# Dimension of the column space of a matrix

• Apr 17th 2009, 01:47 AM
Bucephalus
Dimension of the column space of a matrix
I have this problem that I am doing in a book, and well, the answer in the back says the dimension of the column space and the row space is two.

$\displaystyle \left( \begin{matrix} 1 & 1 & 0\\ 1 & 3 & 1\\ 3 & 1 & -1\\ \end{matrix} \right)$

I row reduced it to:

$\displaystyle \left( \begin{matrix} 1 & 0 & 0\\ 0 & 1 & 0\\ 0 & 0 & 1\\ \end{matrix} \right)$

So I thought this would mean that they are independent columns and the space it spans has a dimension of 3.
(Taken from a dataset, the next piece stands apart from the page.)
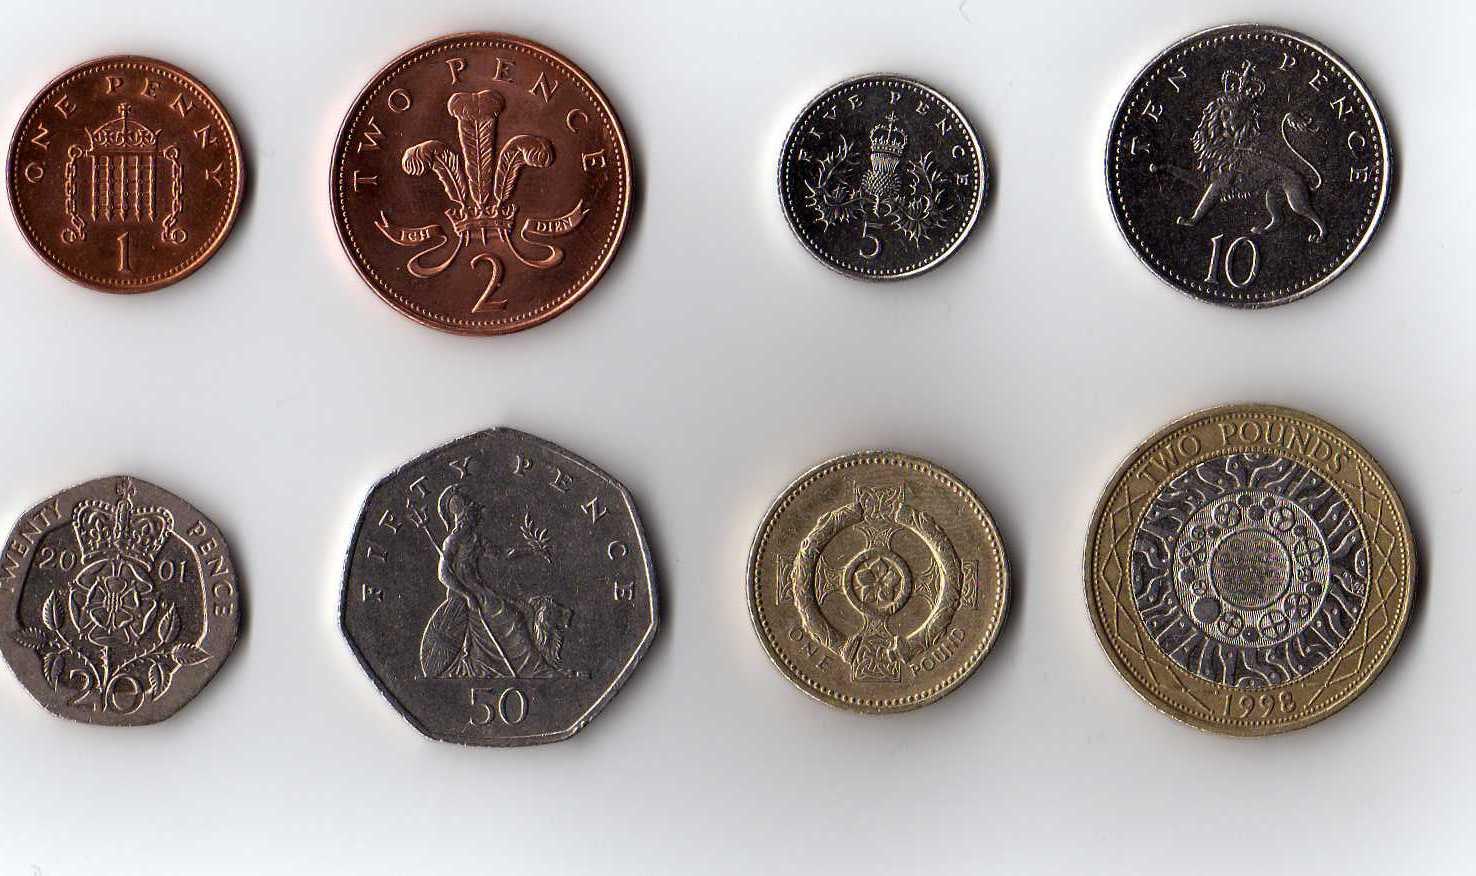 slike penija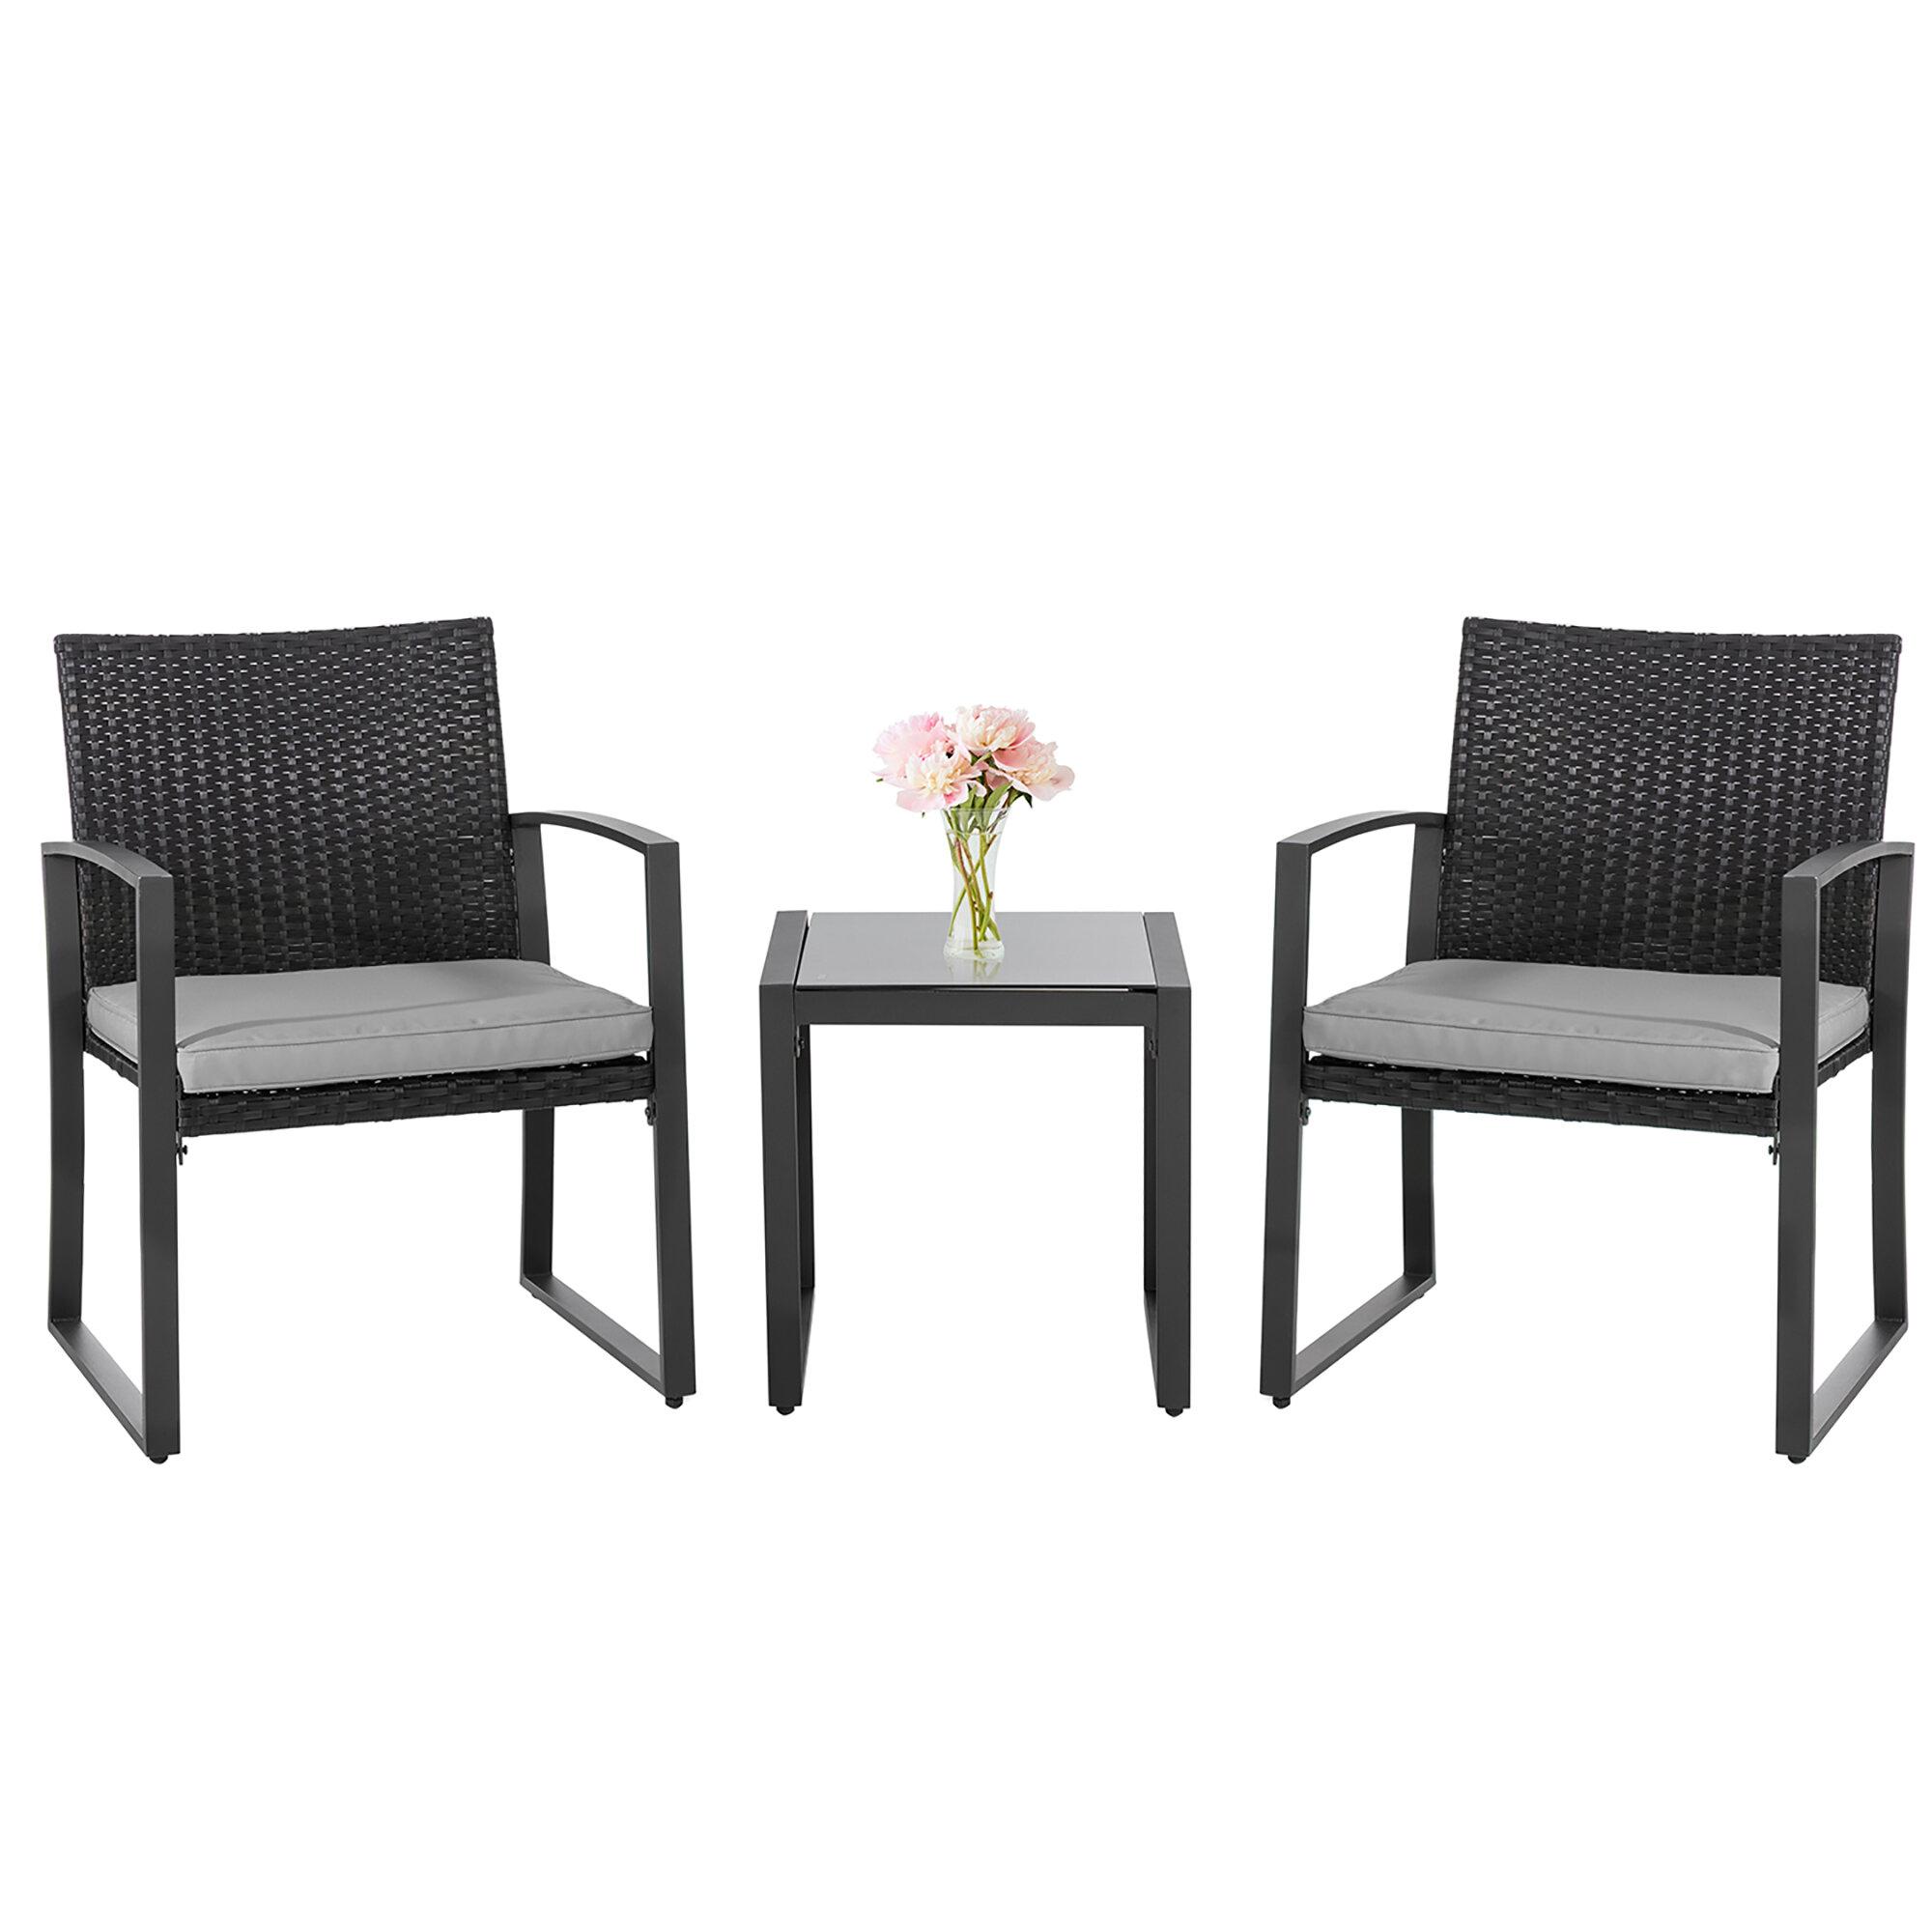 Shintenchi-outdoor-furniture-1 15 Unique Furniture Designs for Outdoor Small Spaces

Am I missing something here?

• Apr 17th 2009, 02:03 AM
Twig
recheck
Hi

I get after row-operations:

$\displaystyle \left[\begin{matrix} 1 & 1 & 0 \\ 0 & 2 & 1 \\ 0 & 0 & 0 \end{matrix}\right]$

Which shows that the matrix has two pivot columns and thus rank = 2.
Equivalently, dim Nul (A) = number of free variables, and
n = dim Nul(A) + rank (A)

And we see here that we have one free variable, so rank (A) = n-dim Nul(A) = 2
• Apr 17th 2009, 02:11 AM
Bucephalus
you're right
Thanks mate.
I put
$\displaystyle a_{33} = 1$
instead of -1 in the original matrix before I reduced it.

cheers.